(Problem requirements):
Write the listing out again exactly as it stands, with no images.

-- Data follows --

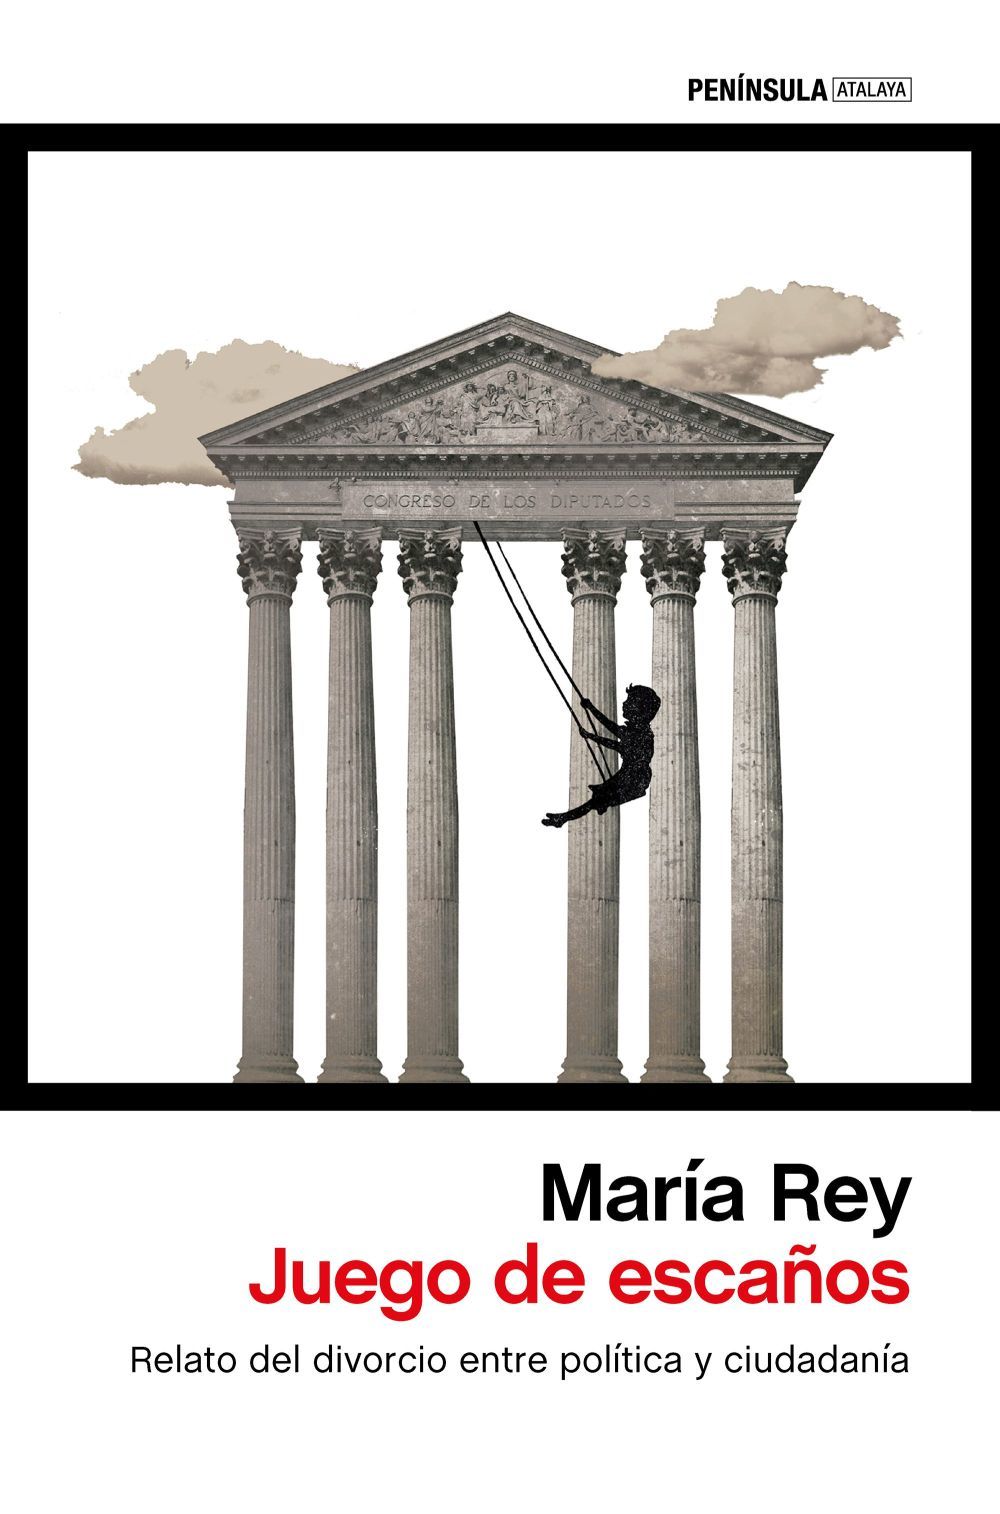 Mara Rey es cronista parlamentaria y, durante muchos aos, ha...
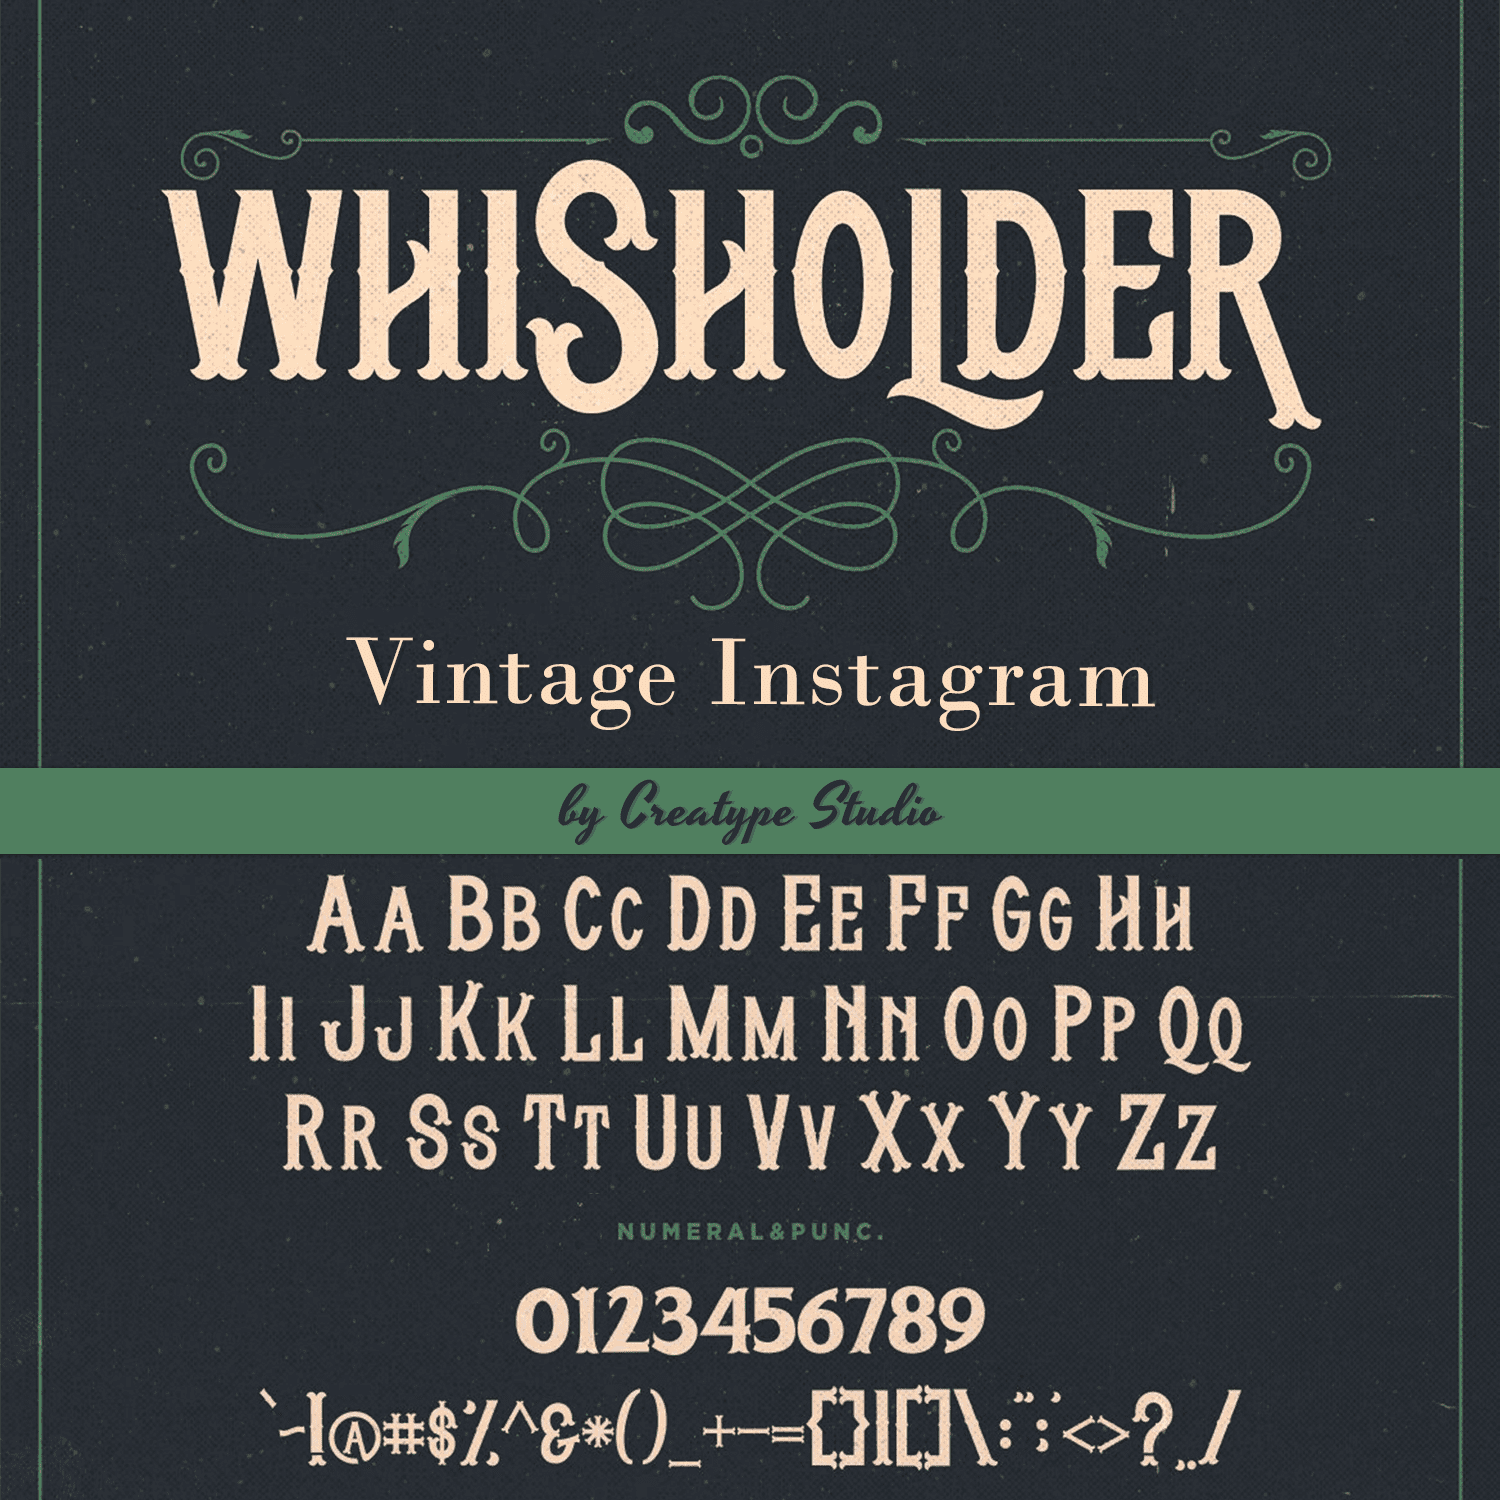 Whisholder Vintage Instagram.
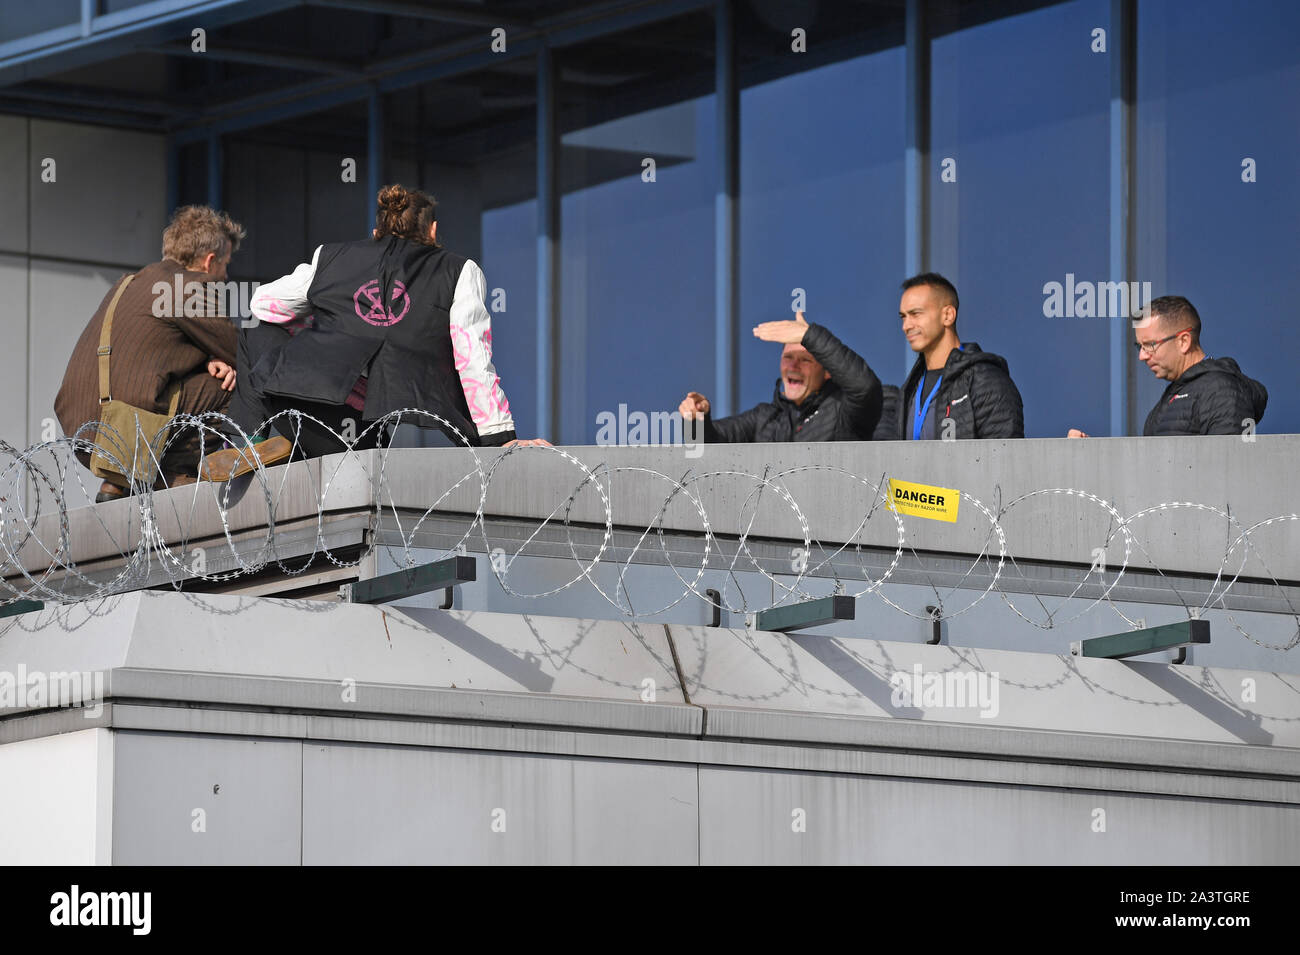 Les négociateurs tentent d'amadouer les manifestants vers le bas du toit de l'aéroport de la ville, Londres, au cours d'une rébellion d'extinction les changements climatiques de protestation. Banque D'Images

-- Data concluded --

(Response to this exercise):
 Mara Rey es cronista parlamentaria y, durante muchos aos, ha...
 Whisholder Vintage Instagram.
 Les négociateurs tentent d'amadouer les manifestants vers le bas du toit de l'aéroport de la ville, Londres, au cours d'une rébellion d'extinction les changements climatiques de protestation. Banque D'Images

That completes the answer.